In this book Empson combined close analysis of the components of certain English words with a discussion of the social circumstances under which those components came to be readjusted and given new emphases. “Fool,” for example, meant both a clown who might be rather clever, and a lunatic, who was definitely not; it also came to mean a privileged truth-speaker, an affected or mannered person, and occasionally something close to a saint—cf., Paul’s “fool in Christ” and Dostoevski’s “Idiot.” There are contexts in which “dog” can mean a scavenger, a degraded person, a cynic, a flatterer, or a jolly good fellow. On a more complex level, Empson analyzes the concept of “candor” and the complex of words clustering around “sense,” “sensible,” and “sensibility”; and his approach could readily invite us in 1985 to consider the word “intelligence” as used by William Casey, or “defense” as used by Caspar Weinberger.
By positing linguistic changes within the microcosm of the word itself—new emphases and applications, new meanings (perhaps boldly metaphorical at first but then gradually silted over)—Empson undertook to make of ambiguity a less corrosive mode of analysis. He reintroduced into linguistic analysis the crucial element of time. Very likely, had the book itself been less allusive and cryptic in its prose, and had the important thesis of controlled consensual change been stated at the beginning rather than in an appendix, it would have been better received. As it was, the analyses of individual words and modes of usage were (as often in the judgments made of Empson) better appreciated than the book’s larger argument.
Returning to permanent residence in England in 1953 seems to have caused considerable culture shock for Empson. This was not a matter of material deprivation, for he settled readily into teaching at Sheffield University. (Whether he didn’t want or couldn’t get an appointment at one of the more prestigious universities I don’t know. Teaching at Sheffield left him within easy reach of the extensive family holdings at Yokefleet in Yorkshire, where he was born.) Spiritually, however, return to postwar Britain was a more troubling matter. For twenty years and more, Empson had been largely out of touch with the academic establishment. Meeting a new generation of English literature students made him aware of the extent to which their minds had been pressured into accepting a Christian tradition, diluted and largely de-theologized but so firmly established as a literary code, among right-thinking people, that criticism of it could only appear jejune and naive.
This sort of assurance, which didn’t always keep itself from degenerating into cant, was as a red flag to Empson. He chose to meet the enemy (their captains were E.M.W. Tillyard, T.S. Eliot, C.S. Lewis, and Northrop Frye, but there were many more in what Milton would have called “the promiscuous crowd”) on the field of Miltonic scholarship and interpretation. Milton’s God (1961) argued that Milton had not written a flawed poem in behalf of a noble creed, but rather the best possible poem in behalf of a creed flawed at its very heart by the hateful and barbaric doctrine of the Vicarious Atonement, which Empson saw as a revival of the idea of human sacrifice. Whether there are not ways to make this challenge less blunt, so as to avoid the “village atheist” overtones, is open to discussion. Seeing God as essentially despotic in Paradise Lost, he presented Satan as a hero of conscience, refusing to kowtow to mere brute force.

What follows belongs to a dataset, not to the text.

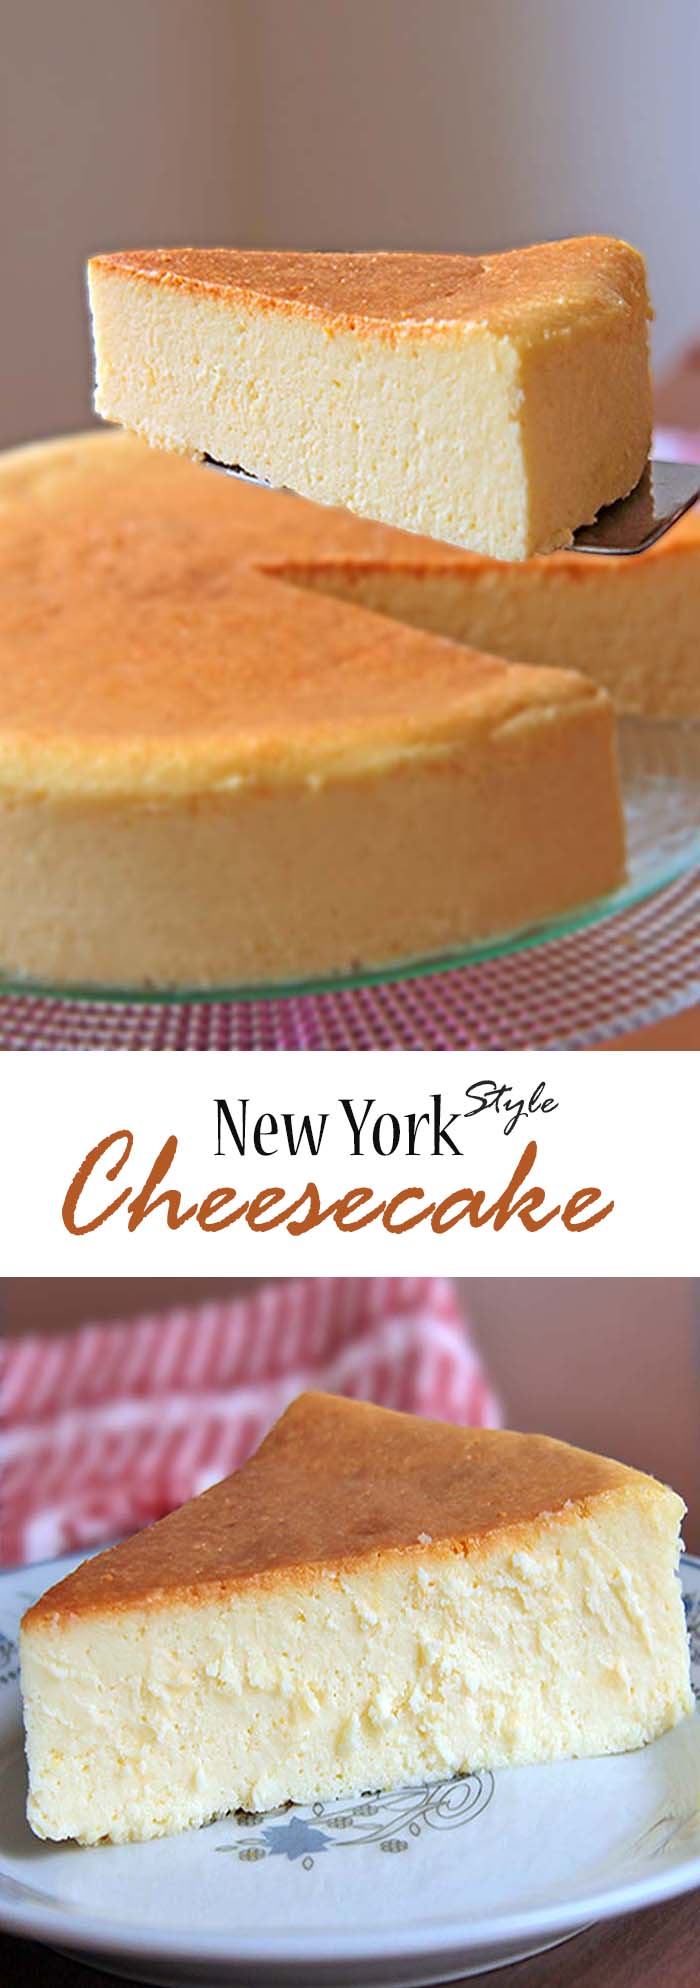 New York Style Cheesecake is creamy smooth, lightly sweet, with a touch of lemon.  Suffice it to say, my search for the perfect cheesecake recipe ends here. #cheesecake #newyork

There is a fundamental truth to this view that Milton himself explicitly recognized as early as line 26 of his epic, when he said that the ways of God had to be “justified” to man. No doubt Milton had many troubles in manipulating a divinely inspired and therefore unchangeable biblical story so as to bring it in line with “modern” (i.e., seventeenth- but also twentieth-century) sympathies. Some of the ways in which he did this—the balancing of justice and mercy in the early books, the contrasting behavior of Satan and the human couple under stress of a bad conscience, the muted yet threatening presence of Chaos—would, I think, modify the sharp contrast between God and Satan that Empson accepts. It might also have enabled him to avoid the appearance of countering one parochialism with another. But in Milton’s God he struck from the shoulder, and there are signs that he succeeded in ruffling some complacencies that badly needed disturbing. In any event, the furor over Milton’s God was Empson’s last large raid on the academic chicken coop; in 1971 he retired from Sheffield and moved to London. In 1979 he was knighted, and in April 1984 he died, leaving in press his final book, Using Biography.
On the whole, the reception of Empson’s work throughout the postwar years was not good. Almost everyone recognized the ebullient energy of occasional insights, but the different versions of pastoral never caught on as a working critical category any better than the several types of ambiguity. Clouds of gathering deconstructionism darkened the idea of gathering consensual linguistic enrichment through ambiguity in Complex Words; and in Milton’s God, Empson chose to plead his case against Christianity before the packed jury of an entrenched Miltonic establishment.
In every instance one could trace an element of that original bias for “erecting the ignoring of ‘tact’ into a point of honor”; and, to do them justice, few of the critics failed to recognize the humane and honorable principles behind Empson’s campaigns. His early insurrection against literary “tact” was the work of an energetic, self-assertive reader feeling stifled by urbane convention; his antipathy to bringing historical traditions to bear on the reading of seventeenth-century poetry came from a fear of “explaining away” the poetry itself; his battle against Christianity in Milton was an emphatic affirmation of conscience. (A few of his critics went so far as to imply that his procedure was chivalric, though they commonly adorned their “tributes” with references to Don Quixote or the White Knight.)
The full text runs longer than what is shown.